In 2004 there was a slight increase to CA$7 per day. Because child care costs were so low, there was a "100% take-up rate for low-fee spaces" with almost all children who are in daycare in CA$7 per day spaces. By 2015, childcare educators who had joined unions successfully negotiated much improved working conditions.

Twenty years later, according to the testimony of Pierre Fortin, a Université du Québec à Montréal Emeritus Professor of Economics who appeared before the Standing Committee on the Status of Women (FEWO) of the House of Commons in March 2017, a "unanimous finding of the research literature is that [Québec]'s low-fee universal childcare system...has had a spectacular impact on child care utilization and the labour force participation of mothers of young children." He reported that a "low-fee universal childcare system is more effective and less costly than the traditional, purely targeted system in providing high-quality childcare." Fortin said that was a "marked increase in Québec women’s participation in the labour force" since the province's policy of subsidizing child care was enacted.
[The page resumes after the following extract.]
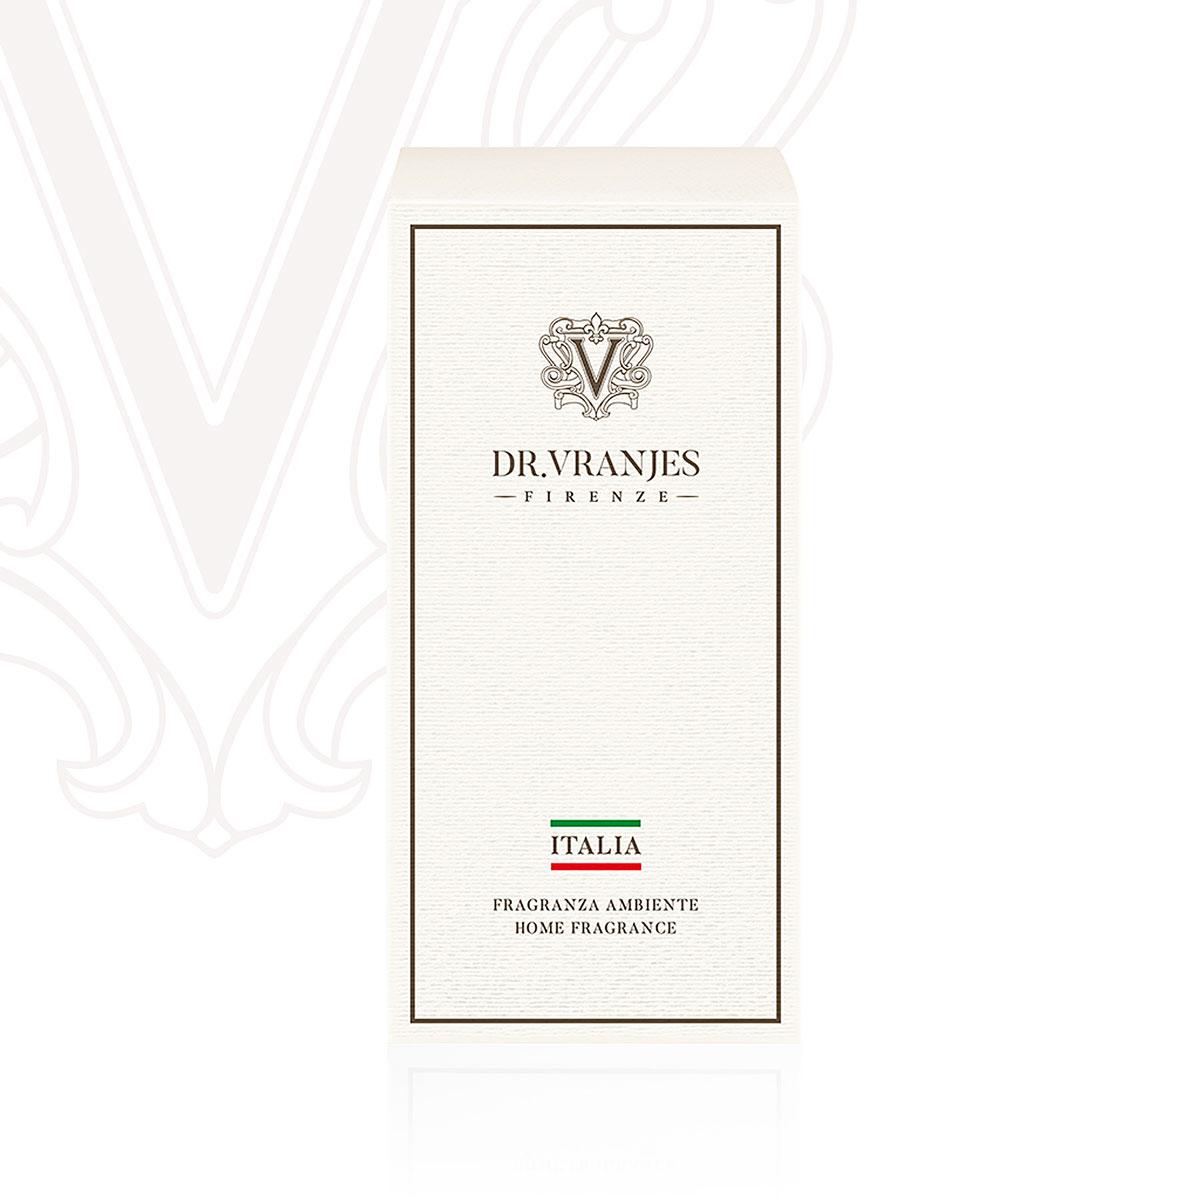 ドットール・ヴラニエス Dr.Vranjes ディフューザー ハンドジェル付き ITALIA DRV イタリア 250ml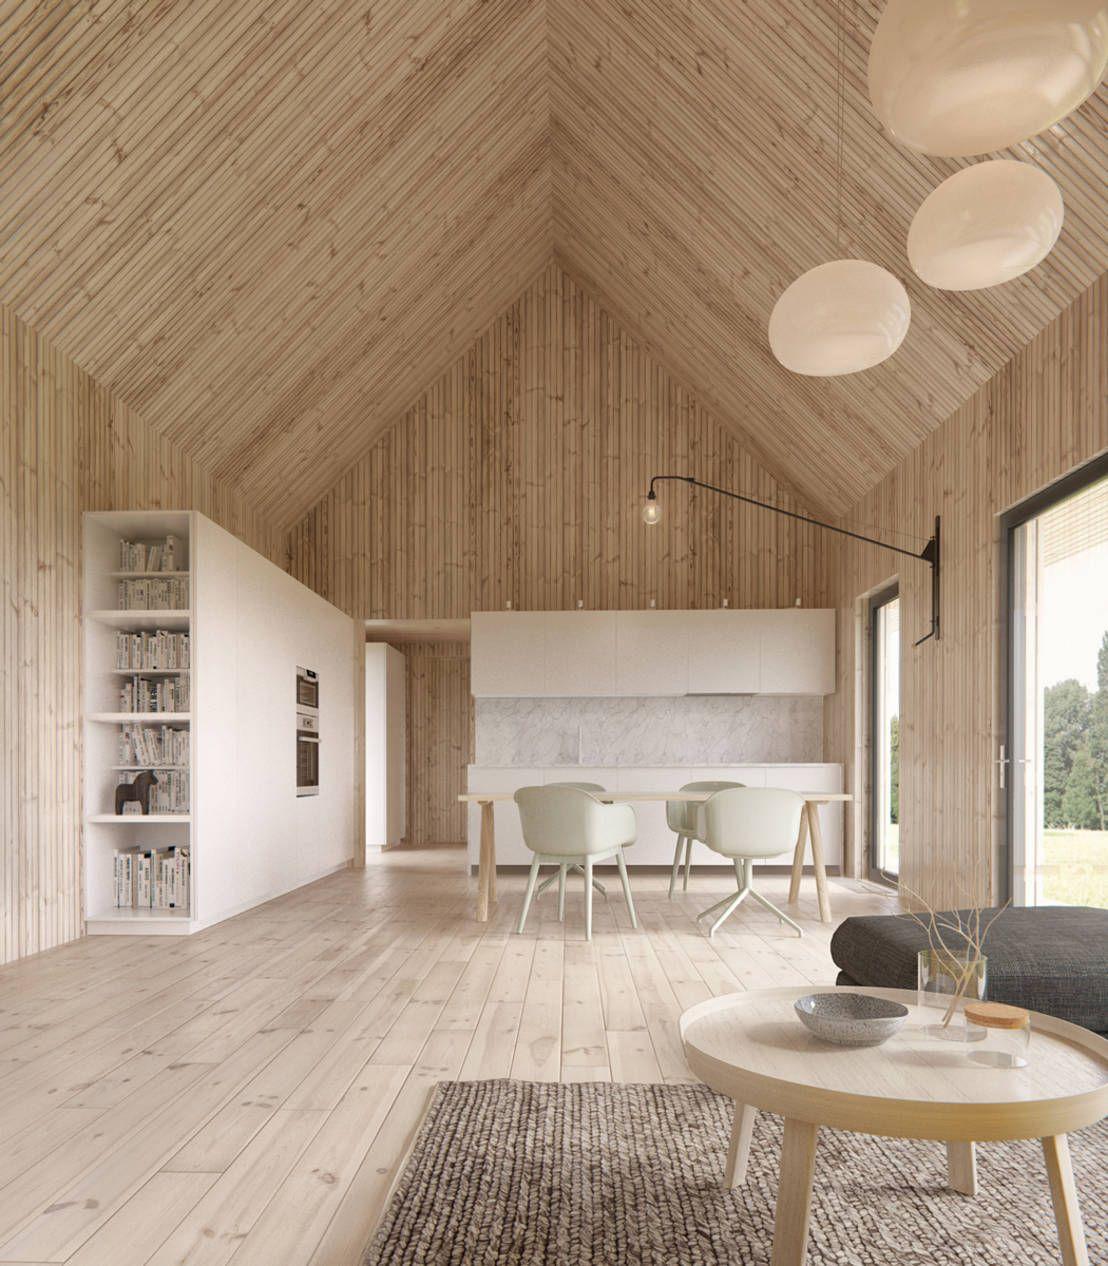 6 architetti per 6 stili diversi cabins pinterest

A 2012 TD report said that the child care regime in Québec in place since 1997, is the most comprehensive in Canada. Along with the provision of CA$7 per day child care for children from 0 to 12-years old, it also includes care before and after school. As a result of the child care program, there was an increase in the rate of female participation in the labour force from the lowest to the highest in Canada. Standardized test scores rose to above the national average. There was an "increase in fertility rates and a 50% reduction in poverty".
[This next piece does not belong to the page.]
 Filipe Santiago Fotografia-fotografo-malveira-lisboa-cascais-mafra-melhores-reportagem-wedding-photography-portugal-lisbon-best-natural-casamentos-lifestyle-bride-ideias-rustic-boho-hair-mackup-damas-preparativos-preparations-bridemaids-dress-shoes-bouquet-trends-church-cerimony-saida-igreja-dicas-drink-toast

Catherine Haeck, a co-author of a 2015 study evaluating Québec's subsidized child care regime and universal preschool policies, acknowledged that ECEC research has to consider the impacts of provincial and federal programs in their conclusions. For example, Québec's child care regime was enhanced by the December 31, 2000, amendment to the federal Employment Insurance Act increasing paid maternity and parental leave benefits which made it possible for more parents to remain out of the work force, and the child care market. Haeck included the introduction of the 1998 federal National Child Benefit Supplement which amended the 1993 Canadian Child Tax Benefit (CCTB) which increased low-income families total benefits. Québec, and other provinces also introduced provincial child tax benefits at that time to "promote attachment to the labour market". In a 2007 paper, in provinces that integrated benefits thereby providing labour market incentives, there was an estimated 33% "total decline in social assistance receipt between 1997 and 2000." Haeck and her colleagues said that Quebec's child care program led to "increased labour force participation by mothers." However, the report suggested that this increase was "mainly driven by highly educated mothers". A Fraser Institute article, citing the 2015 evaluation, said that the policy "did not improve school readiness and may even have had negative impacts on children from low-income families."

Michael Baker of the University of Toronto, Jonathan Gruber of the Massachusetts Institute of Technology, and Kevin Milligan of the University of British Columbia find that Quebec's $5 a day child care scheme (later rising to $7) raised mothers' participation rates substantially, but children suffered worse health outcomes. Also, Baker, Gruber and Milligan observe little impact on cognitive test scores, but negative effects on noncognitive skills. Also, these effects were persistent as children reached pre-teen and teenage years, relative to their peers in other provinces. Most strikingly, they find a sharp increase in criminal behaviour later in life among the cohorts exposed to the Quebec program. These effects are primarily for boys, who also see the largest deterioration in noncognitive skills. Further, findings of Michael Kottelenberg and Steven Lehrer suggest that the Quebec program had some positive impacts for children from single-parent families, but had generally negative impacts in two-parent families.